Once you have collected that data you can fit the RSM model for the 5 factors plus a random effect for the blocks. The advantage of using a random effect is that it does not consume all the degrees of freedom that a fixed factor effect does.

 

Phil_Kay_0-1623057619025.png

 

Now you could get fancy and fit the RSM model for 5 factors plus a random effect for Day and a random effect for Incubator nested within Day. Strictly speaking that is probably a more appropriate model.

 

Phil_Kay_1-1623057877747.png

 

However, I think this is probably overkill.
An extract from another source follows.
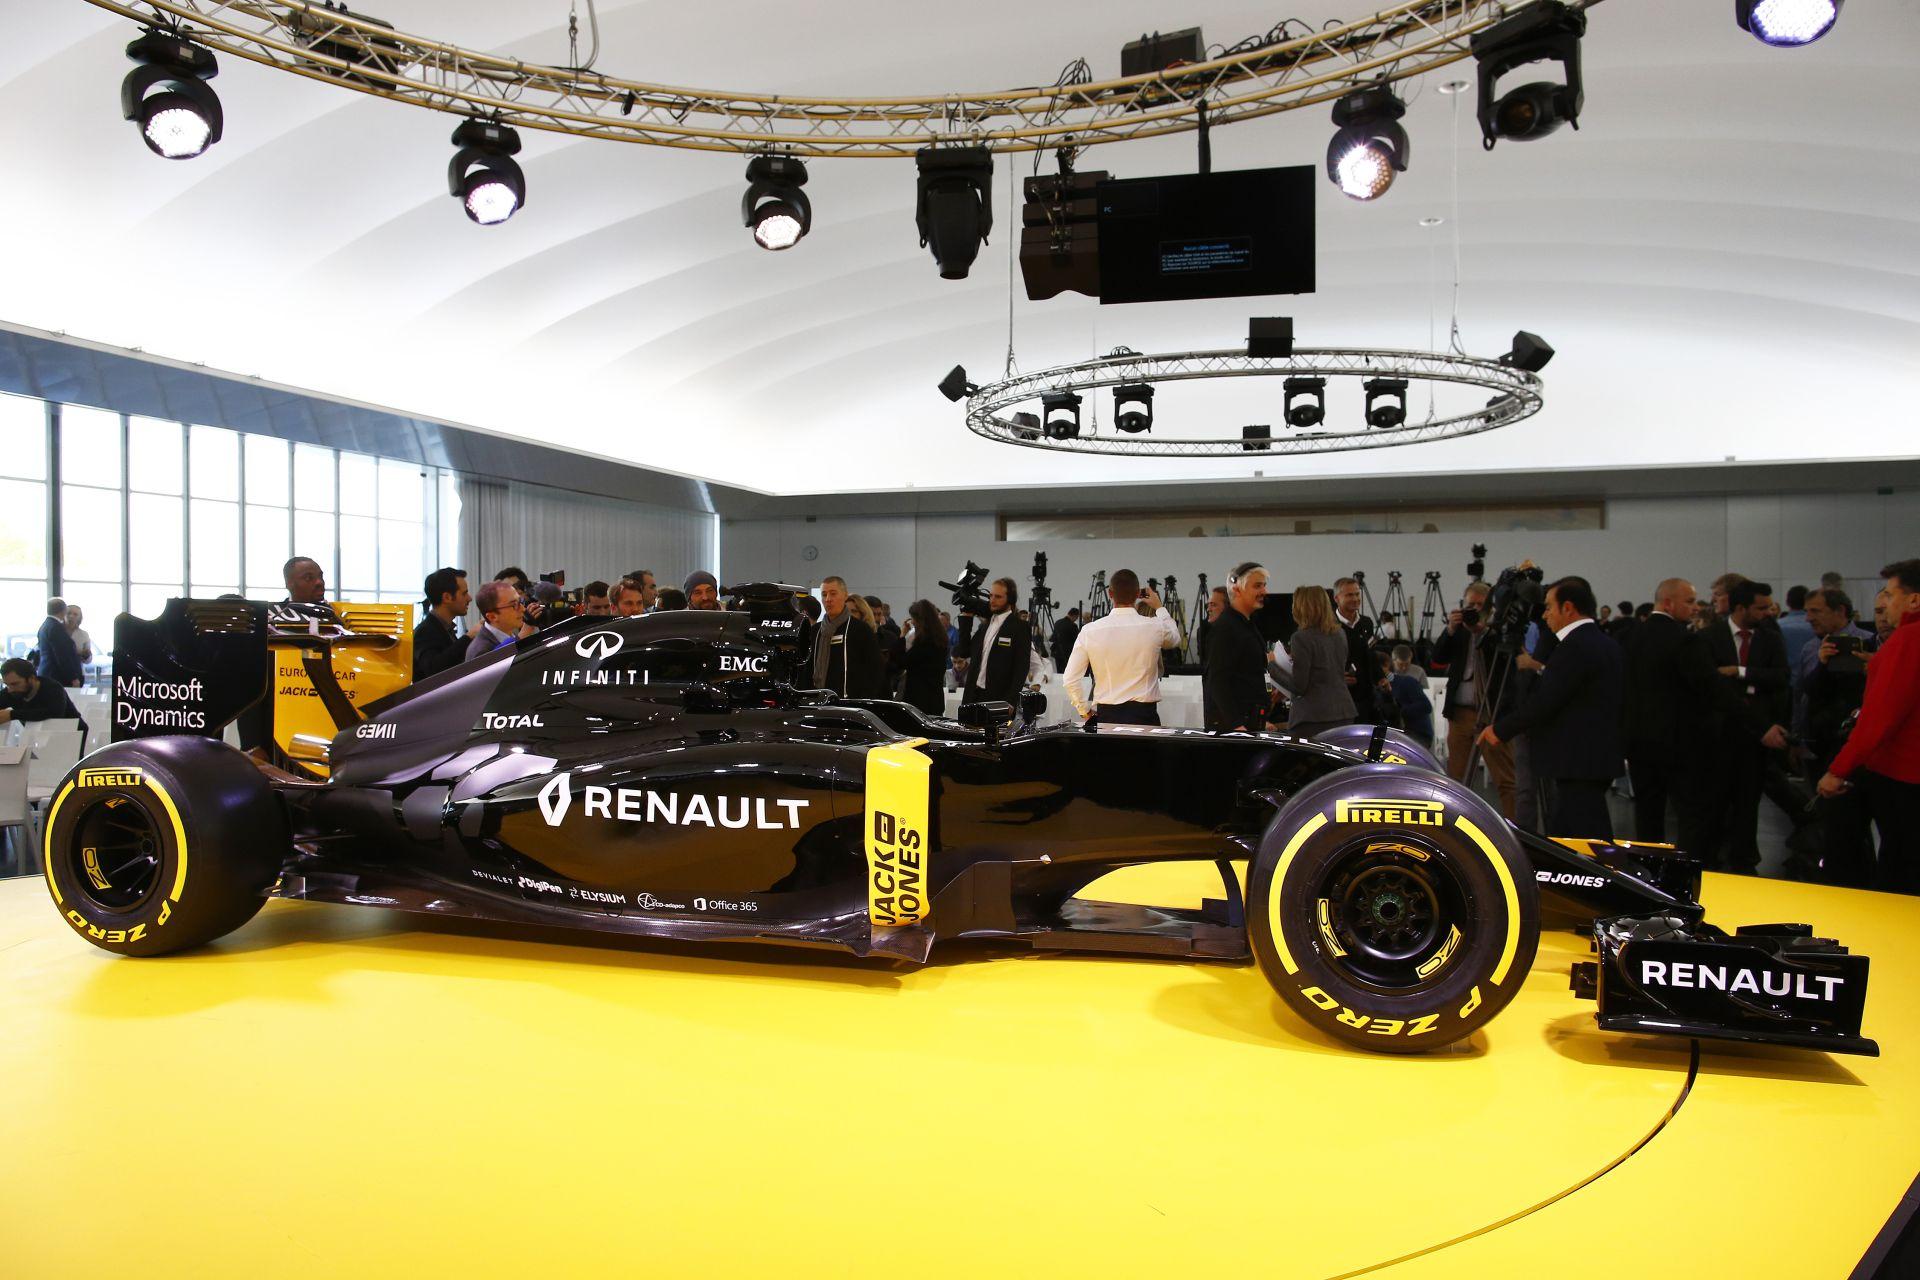 Renault: beszélhetünk számokról, az a lényeg, mit mutatsz a pályán

I doubt that it will make any important difference to your conclusions. The simple model with a random effect for block should be able to adequately capture all the variance due to differences between incubators and days.

 

I have attached an example design with the 2 models saved. The Y response is just random.

 

I hope this helps.

 

Phil

Phil_Kay
Staff

Re: How to account for two fixed size random noise factors in one experiment

Just to repeat: while there are different approaches that you might take for analysis, the important thing in the design step is to include the blocking factor that will give you the 8 blocks of 4 runs.